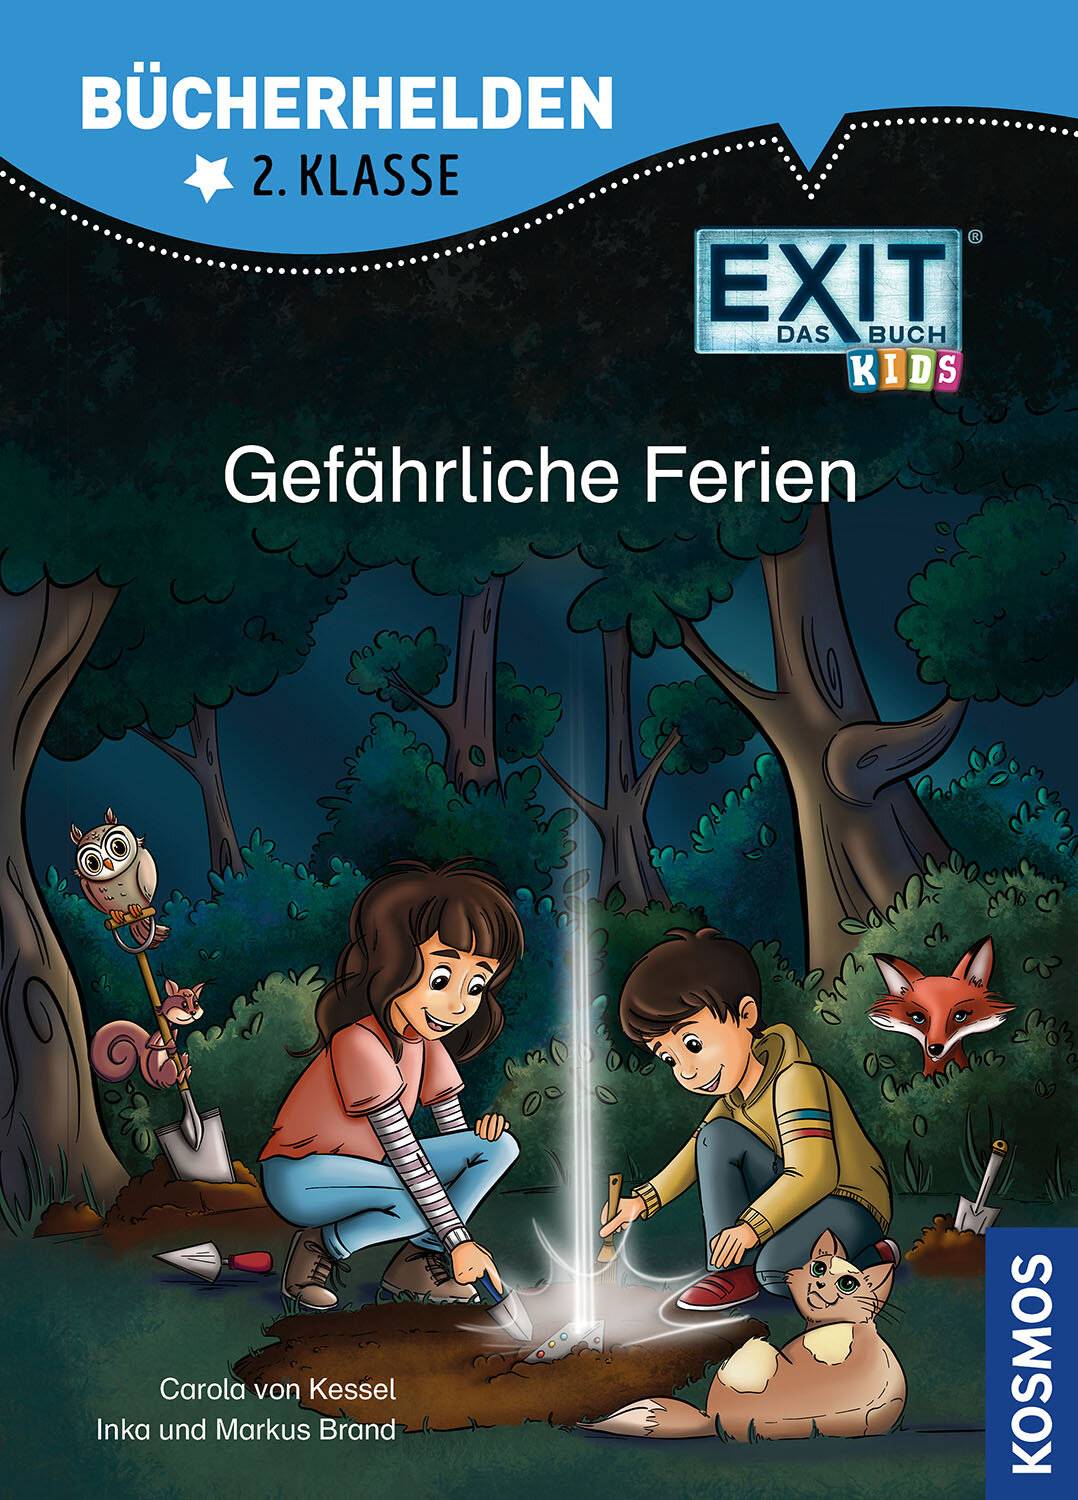 Gefährliche Ferien EXIT Kids Bücherhelden 2. Klasse bietet spannende Geschichten für Erstleser.
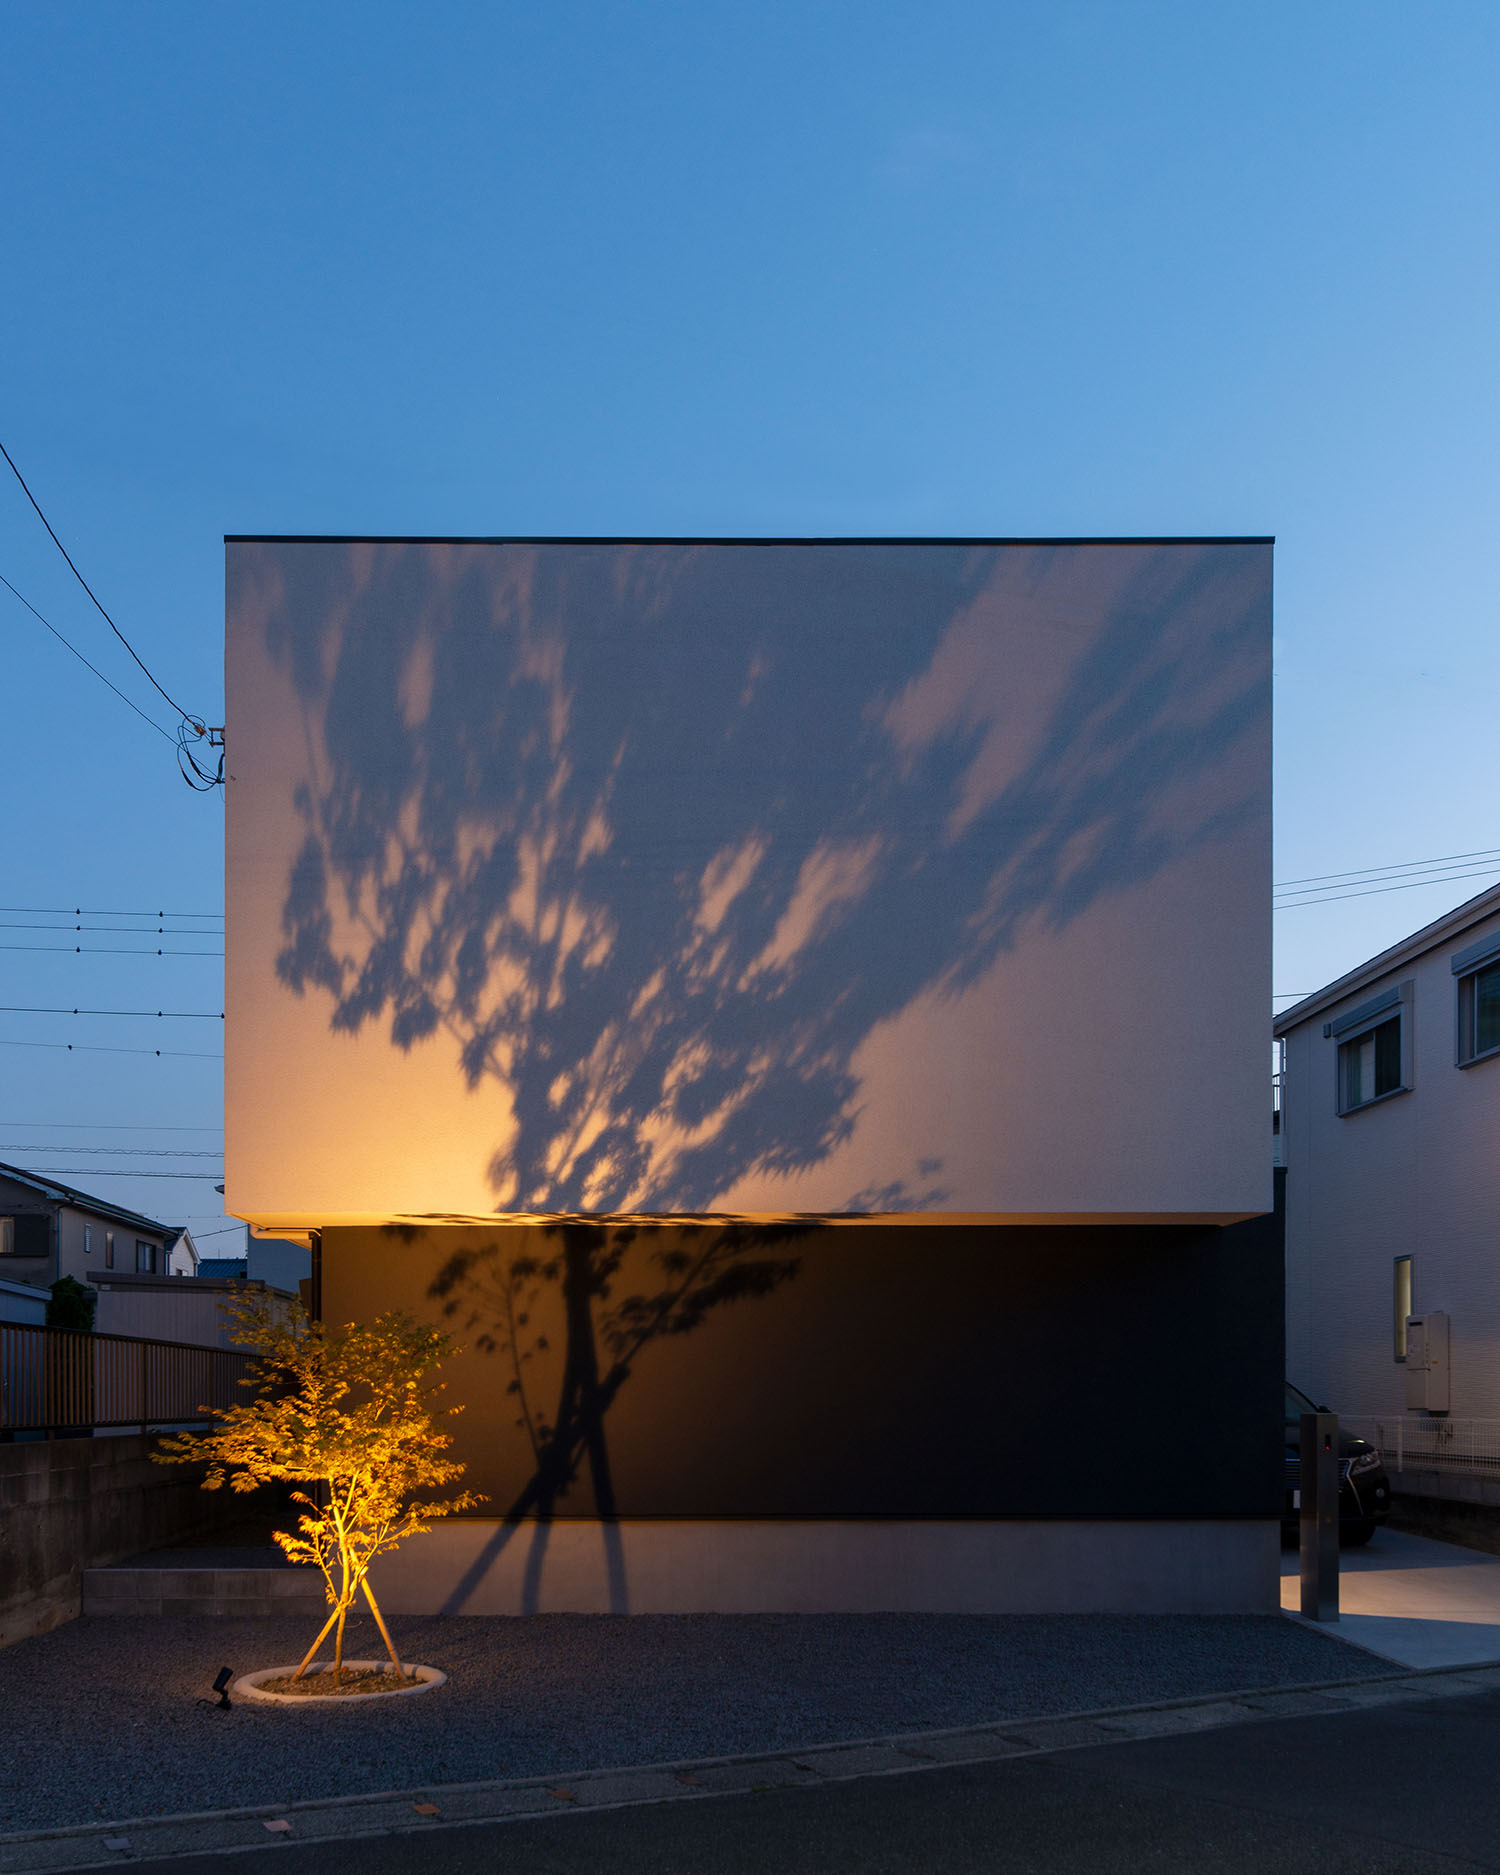 照明に照らされたシンボルツリーの影が白い外壁に映る住宅の外観・デザイン住宅
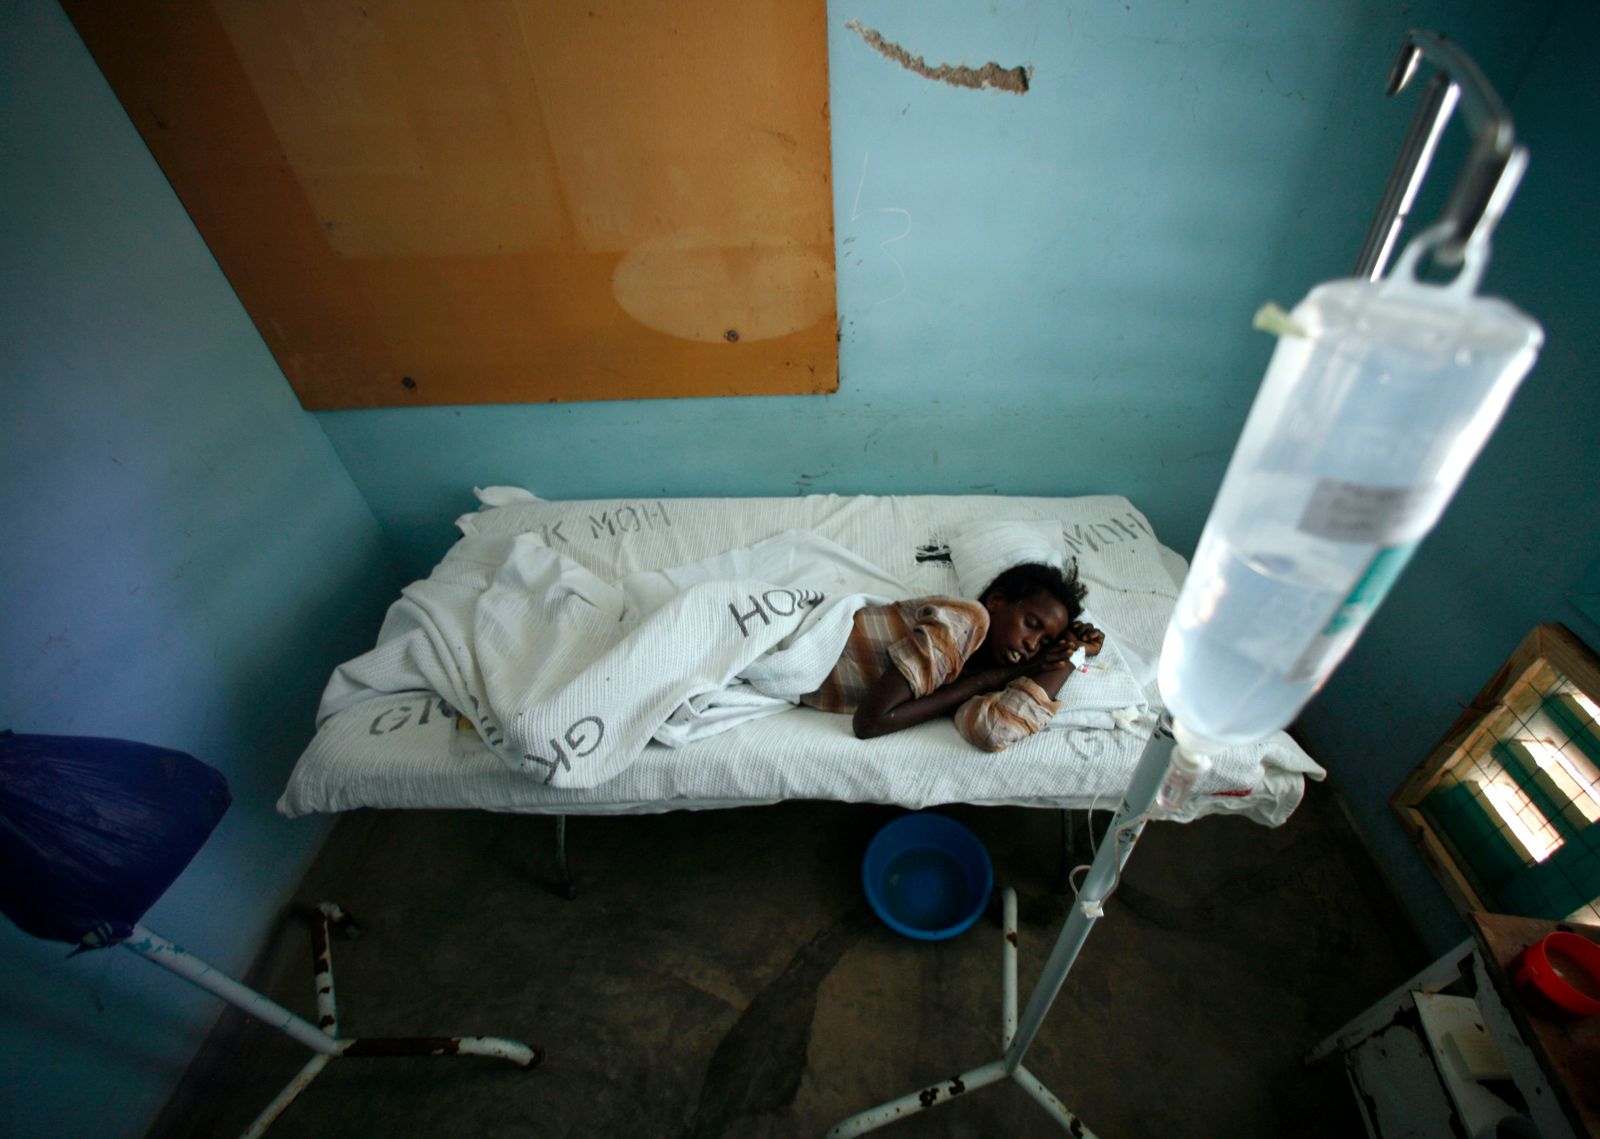 إحدى المصابات بحمى الوادي في مستشفى جاريسا شمال شرقي نيروبي خلال تفشي المرض في كينيا عام 2007 - REUTERS

++++++++++++++++++++

* **WHAT YOU NEED TO DO**:
For this exercise, output only the lines from the one bearing "照明に照らされたシンボルツリーの影が白い外壁に映る住宅の外観・デザイン住宅" to the end of the material above, exactly as written, with pictures left out.

* **TASK SOLUTION**:
 照明に照らされたシンボルツリーの影が白い外壁に映る住宅の外観・デザイン住宅
 إحدى المصابات بحمى الوادي في مستشفى جاريسا شمال شرقي نيروبي خلال تفشي المرض في كينيا عام 2007 - REUTERS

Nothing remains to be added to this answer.